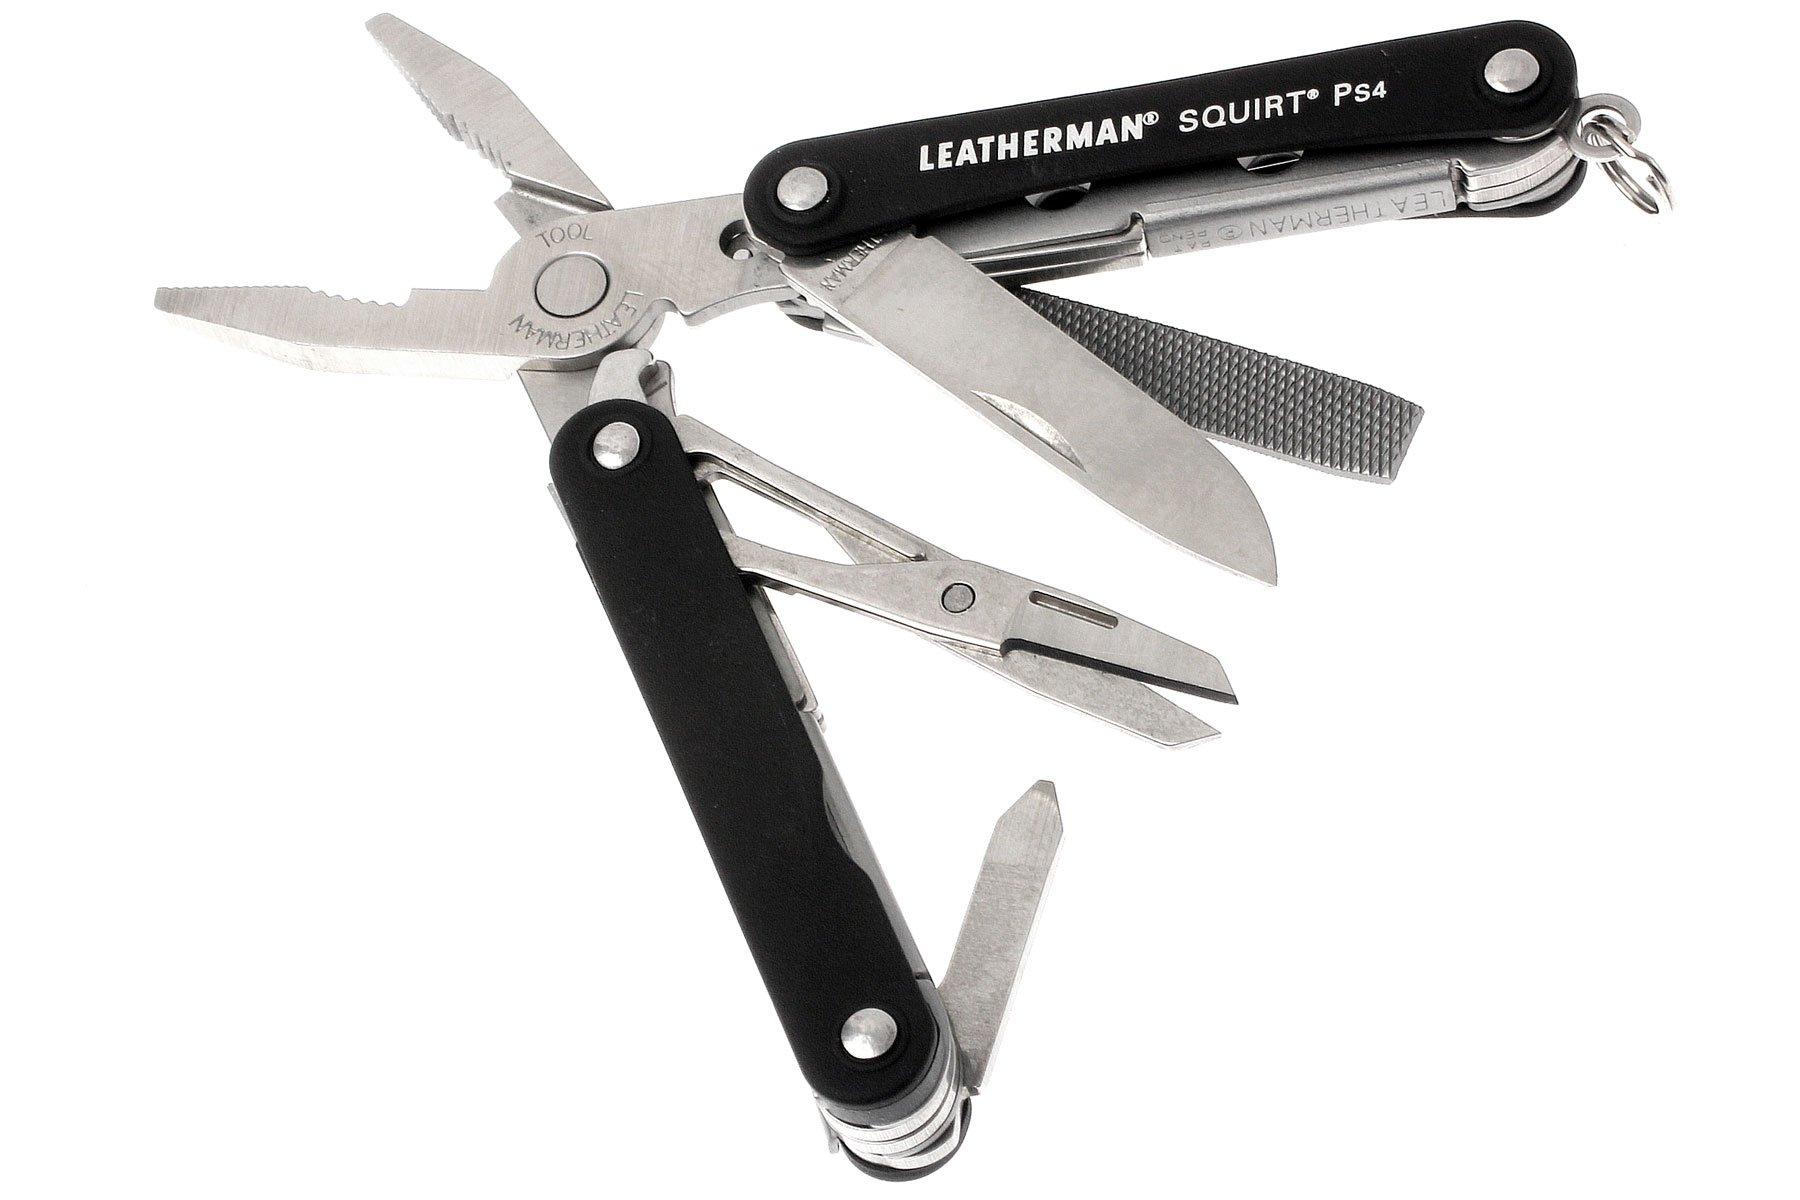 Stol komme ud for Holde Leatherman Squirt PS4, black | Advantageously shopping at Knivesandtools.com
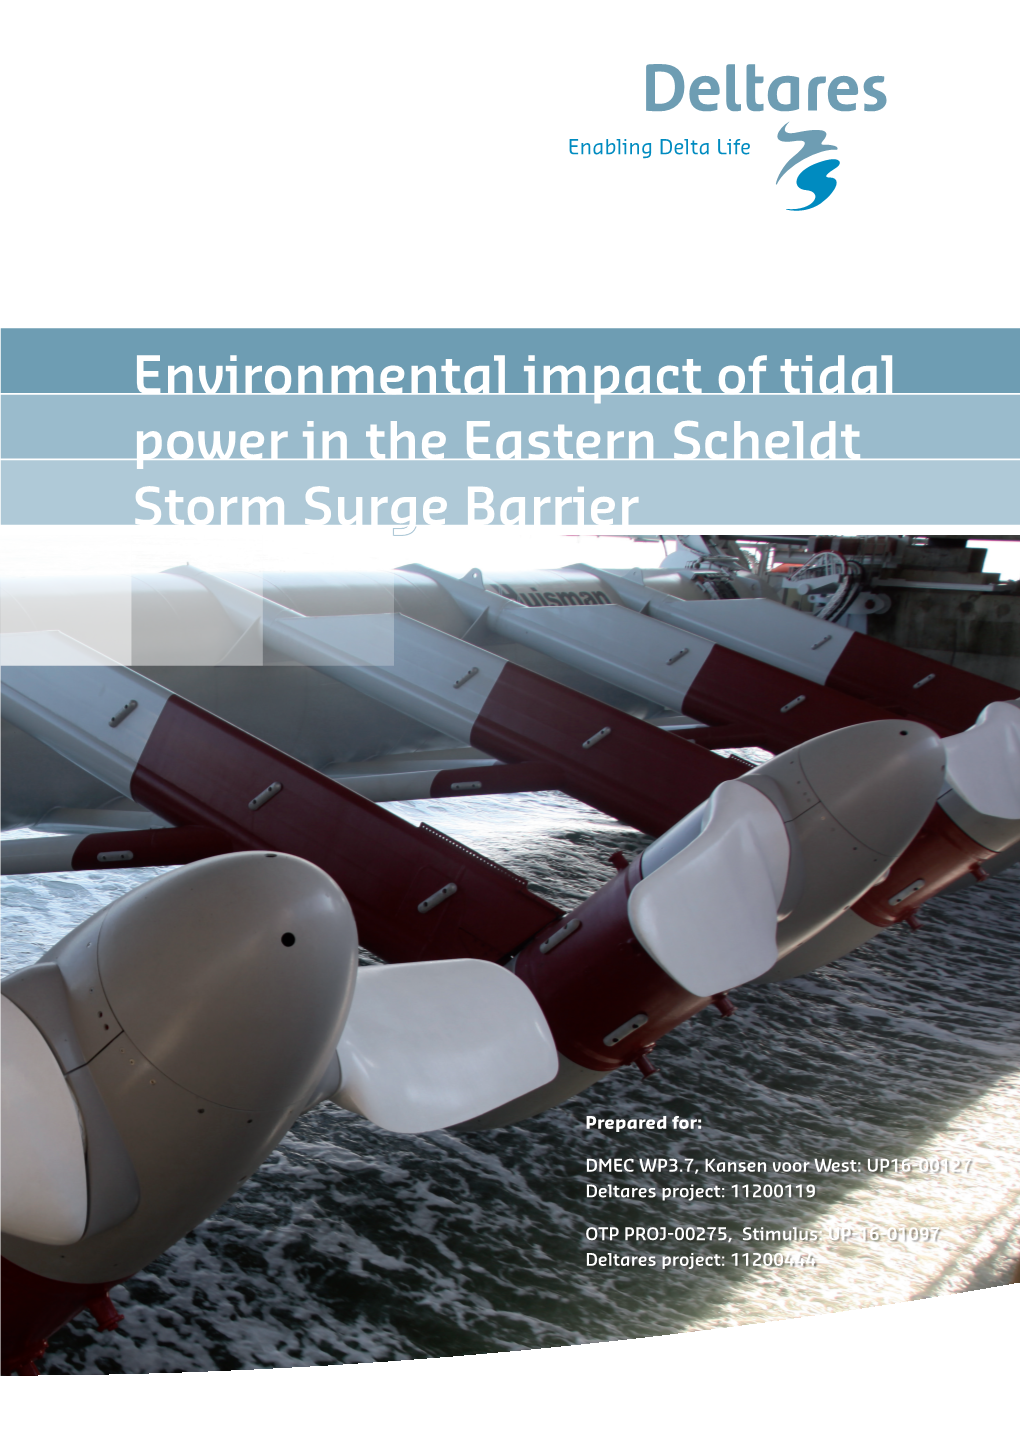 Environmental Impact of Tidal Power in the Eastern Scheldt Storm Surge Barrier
════════════════
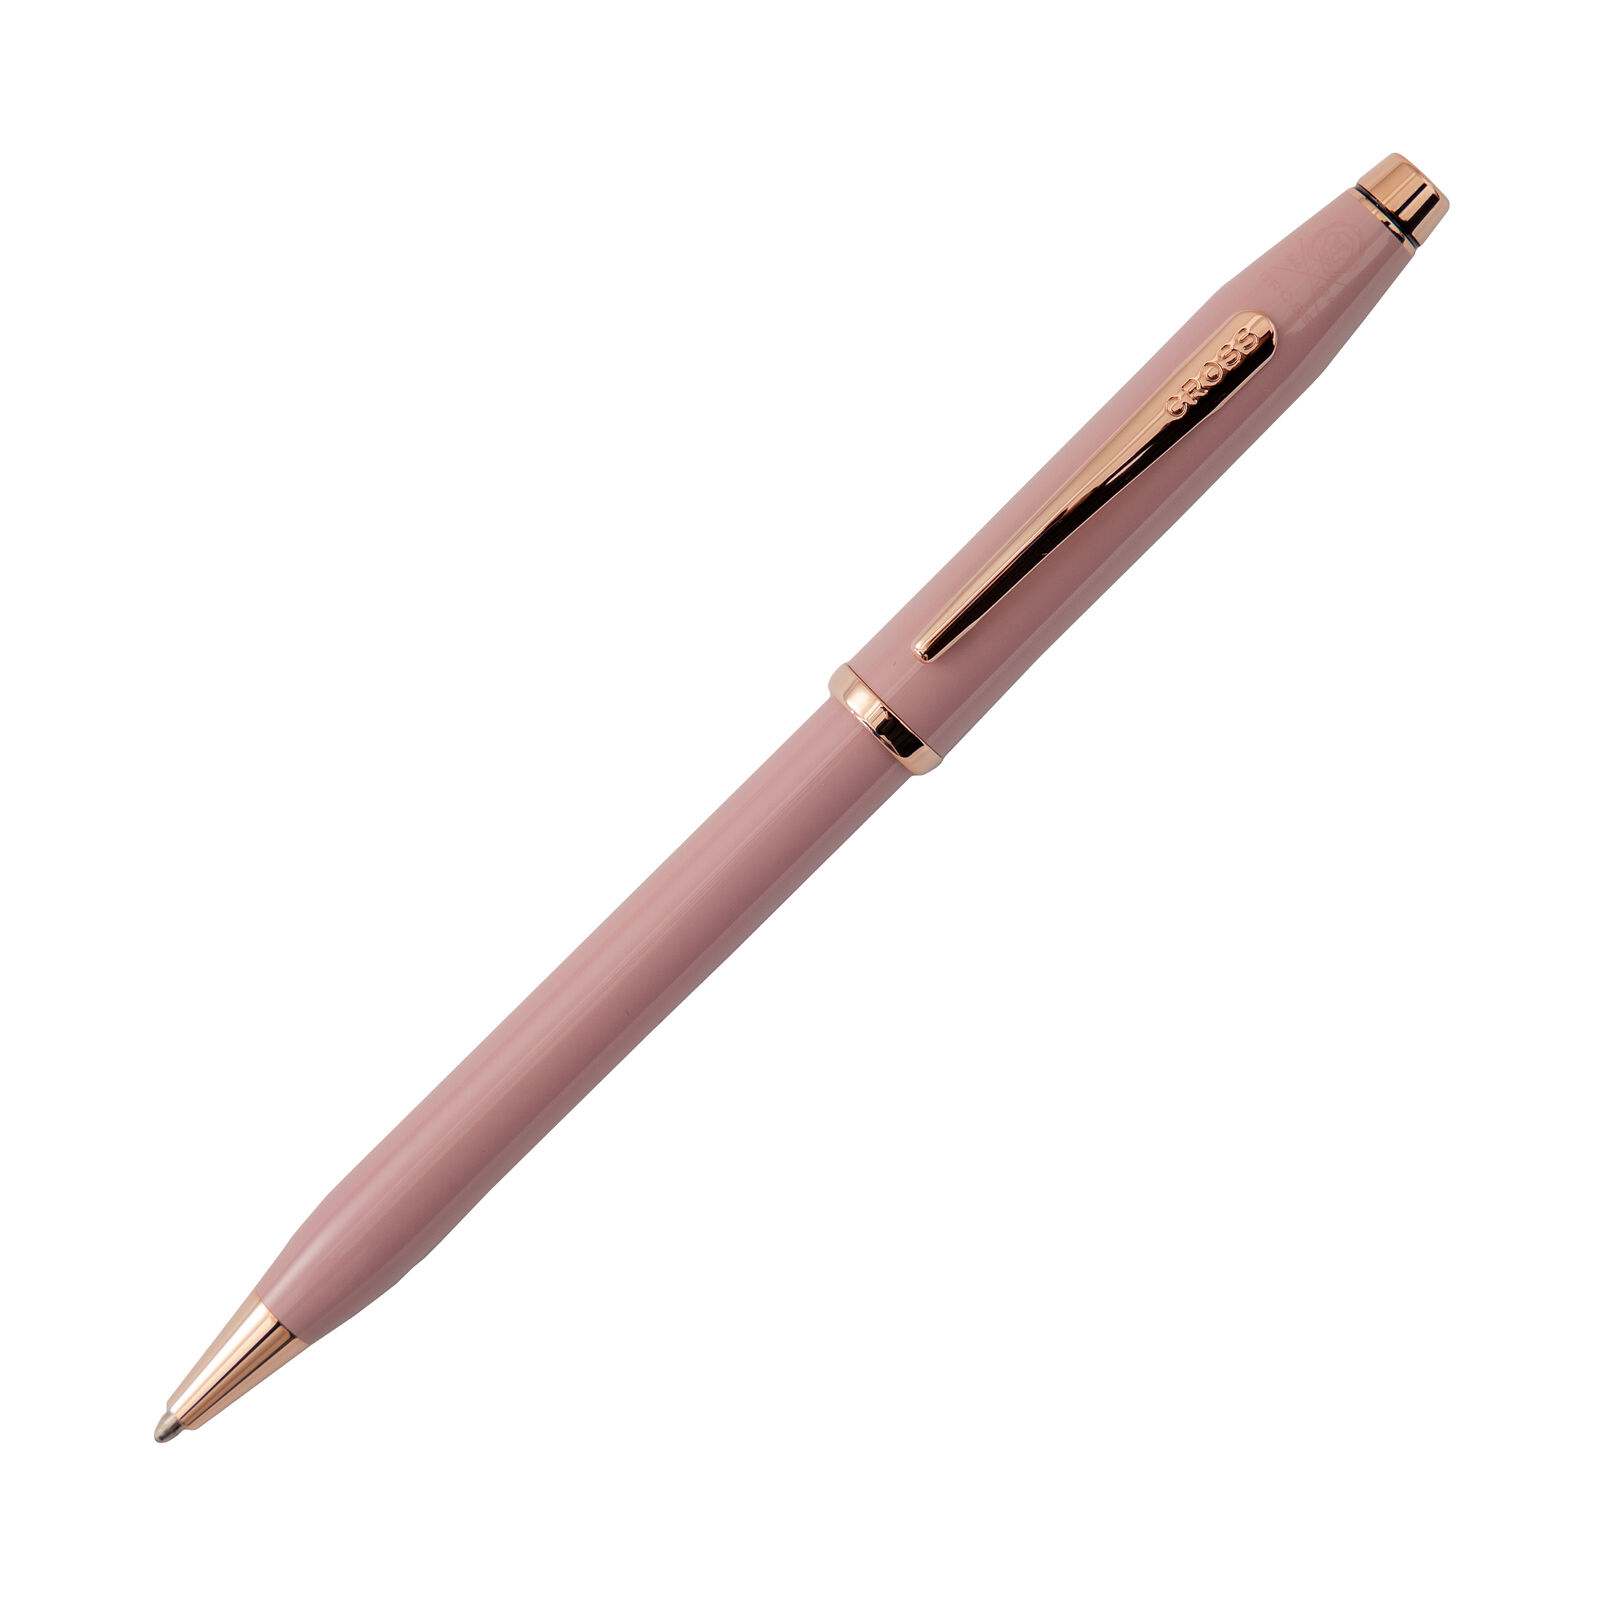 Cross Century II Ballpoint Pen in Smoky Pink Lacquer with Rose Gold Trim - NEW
════════════════
Nothing but the lines above, starting at the line that contains "Stol komme ud" and ending at the line that contains "Environmental Impact of", should be given again, exactly and without the pictures.

 Stol komme ud for Holde Leatherman Squirt PS4, black | Advantageously shopping at Knivesandtools.com
 Environmental Impact of Tidal Power in the Eastern Scheldt Storm Surge Barrier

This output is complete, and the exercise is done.